**WORK TO BE COMPLETED**
Repeat word for word the lines starting at the one with "Backdrop apx 6" and ending at the final line of the material, both ends included; omit pictures.

**DATASET SECTION**
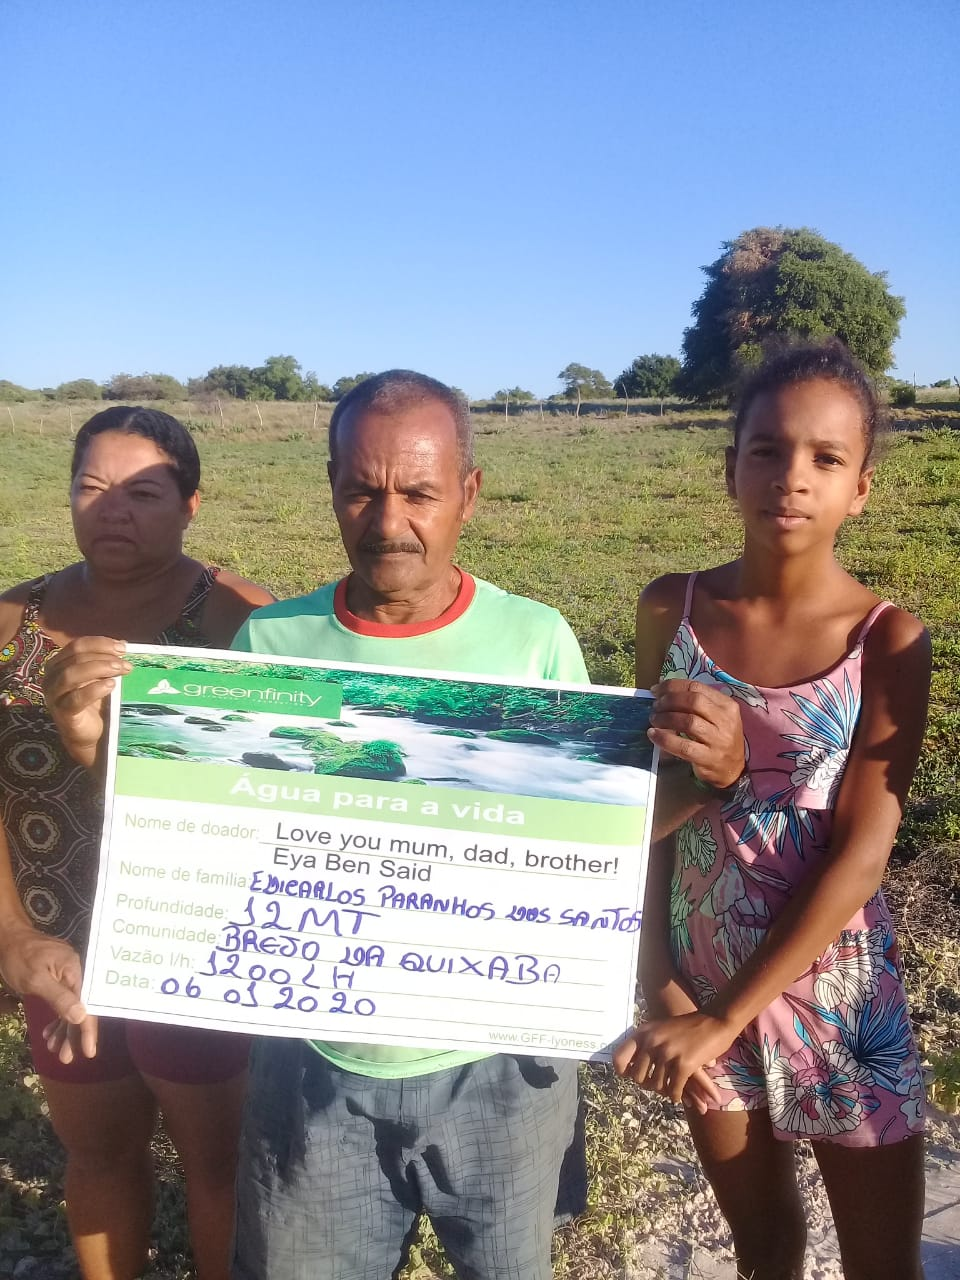 2021-01-06 Bahia - Image 1
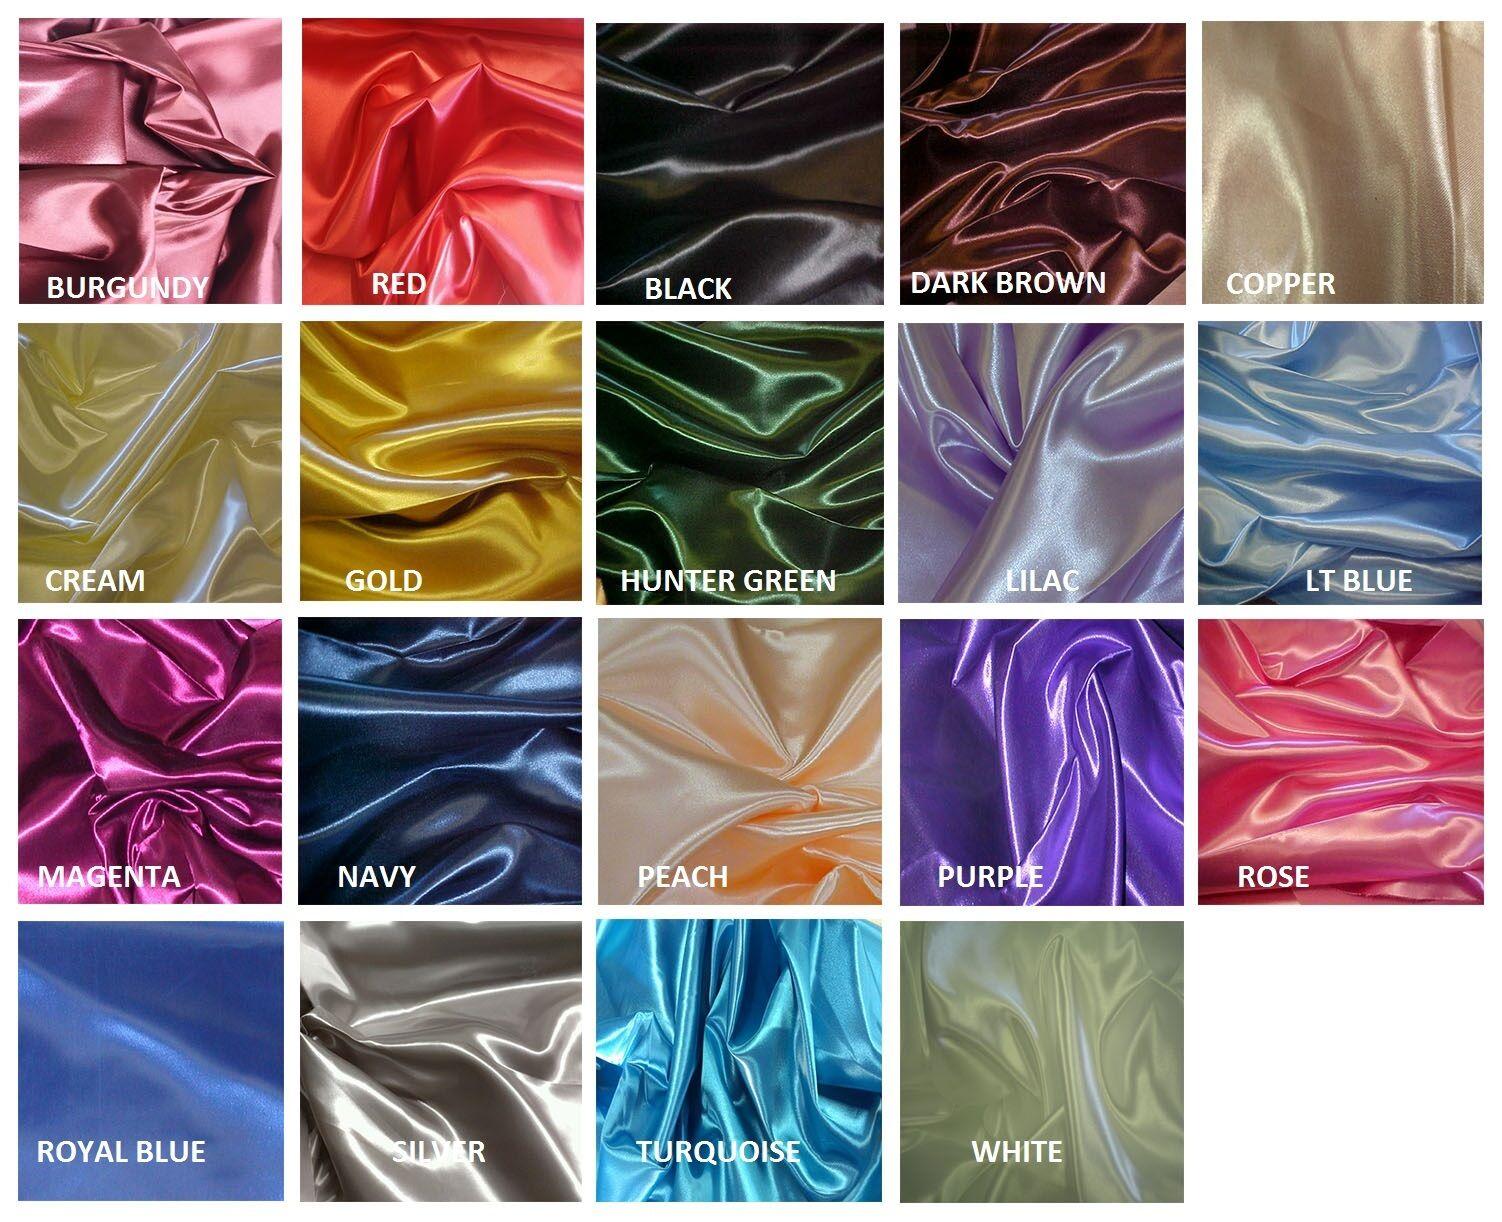 ❤️ Bridal Shiny Satin Curtain Drape Panel Backdrop apx 6
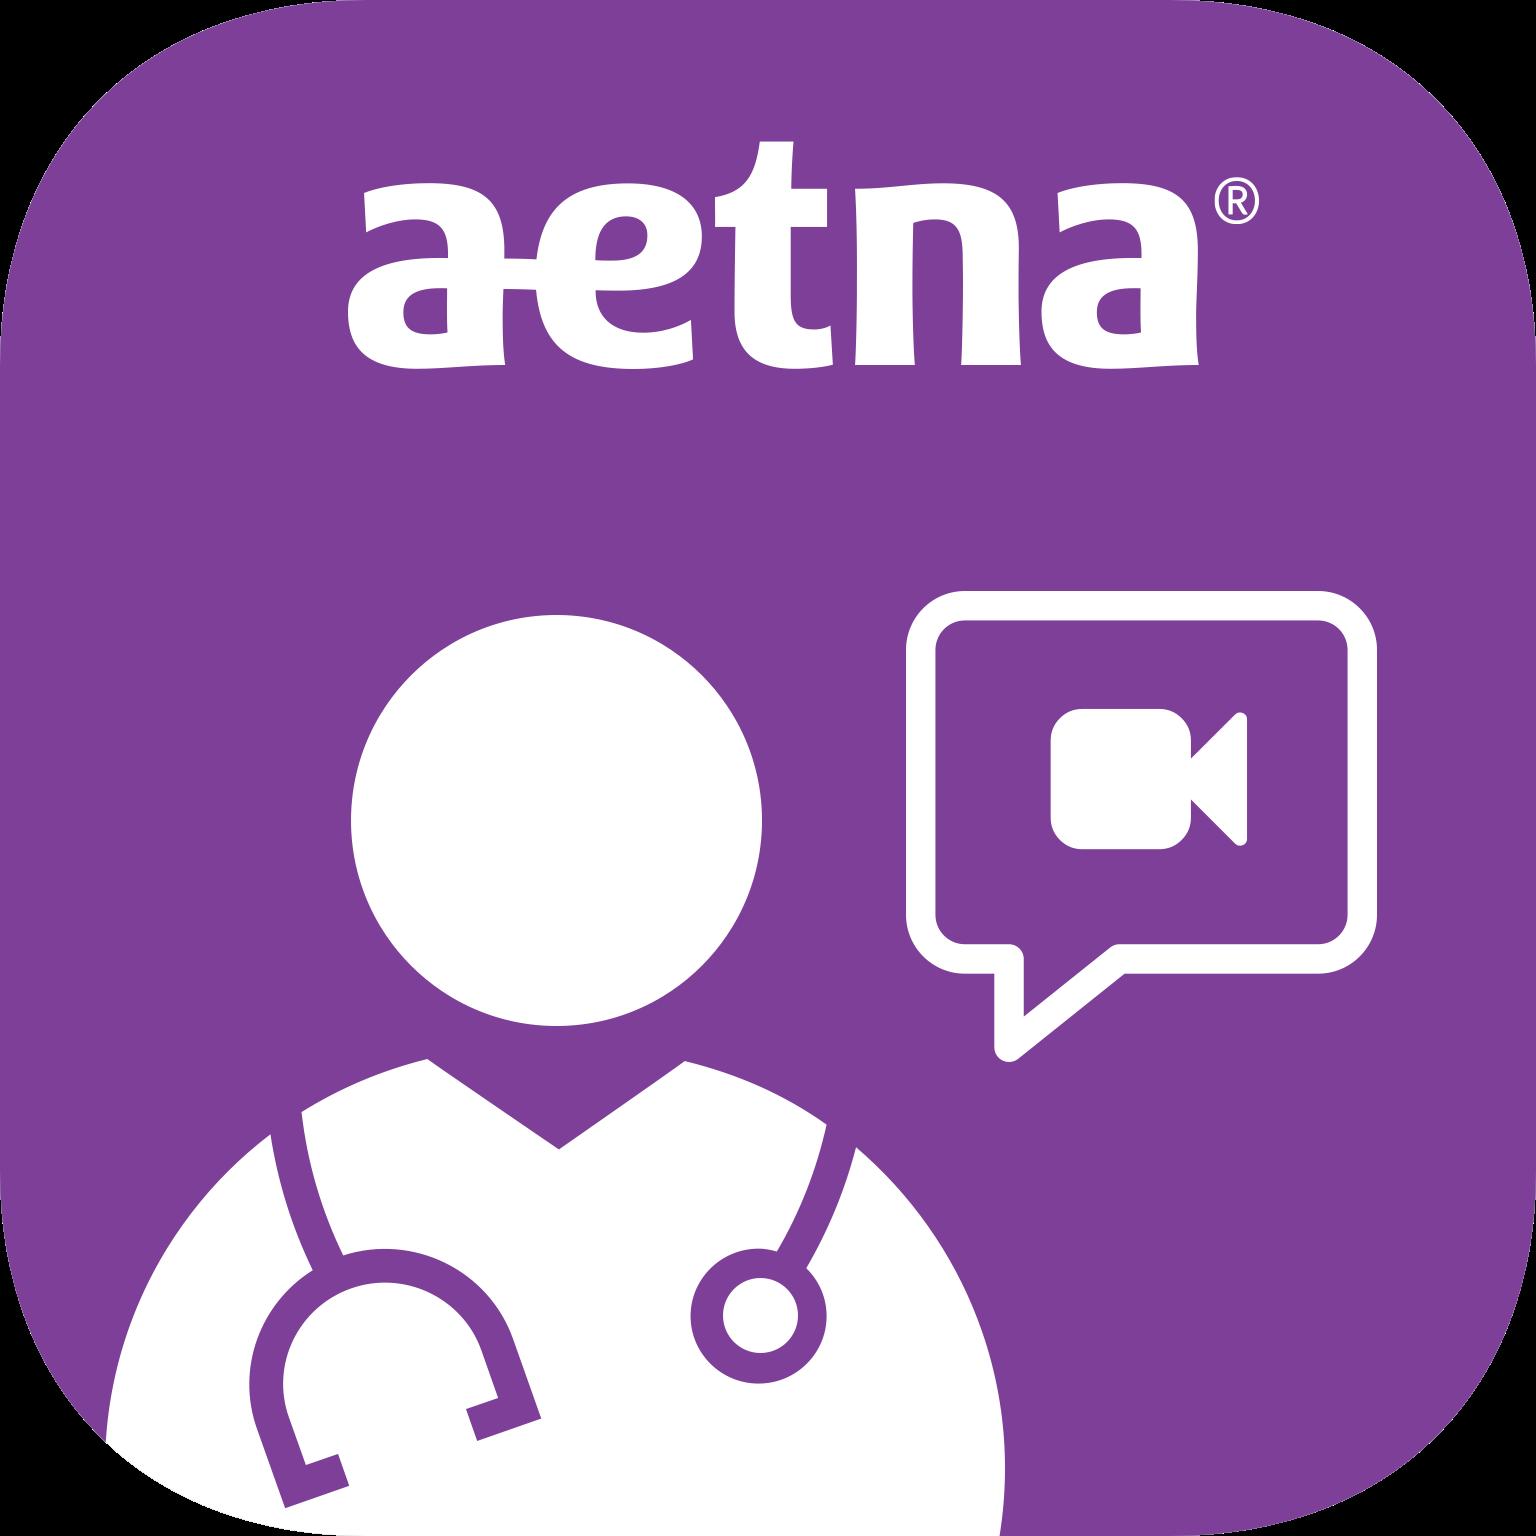 vHealth by Aetna App
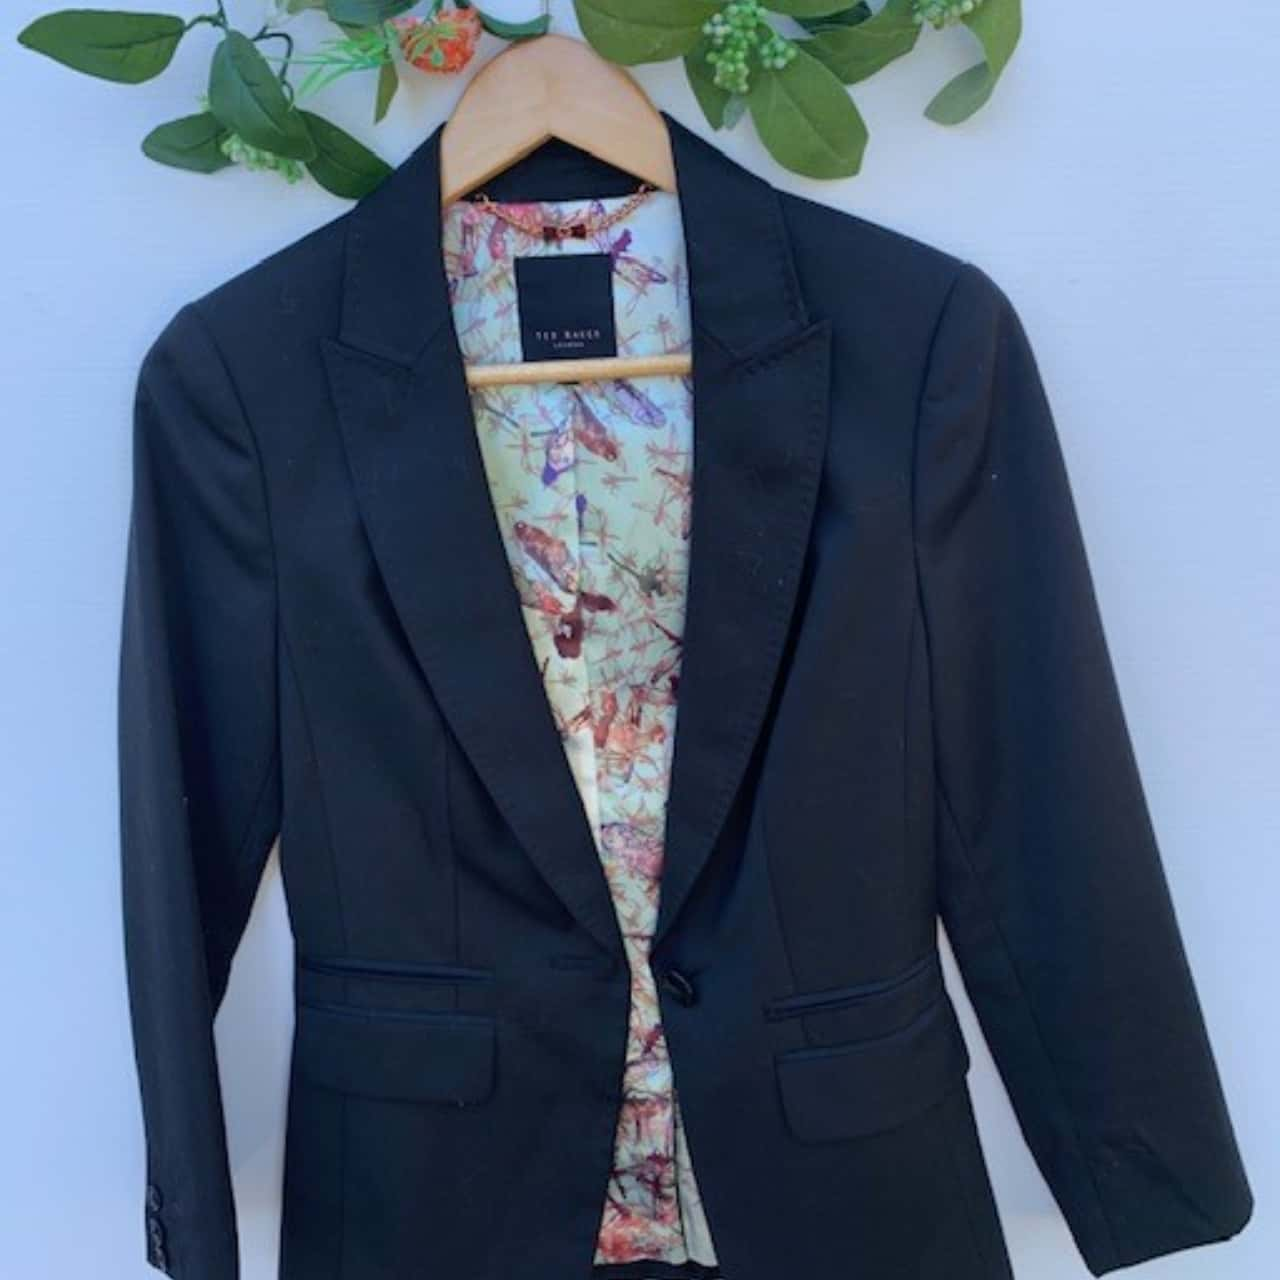 Ted Baker Womens Suit Black /Blue/Multicoloured

**RESPONSE AREA**
 ❤️ Bridal Shiny Satin Curtain Drape Panel Backdrop apx 6
 vHealth by Aetna App
 Ted Baker Womens Suit Black /Blue/Multicoloured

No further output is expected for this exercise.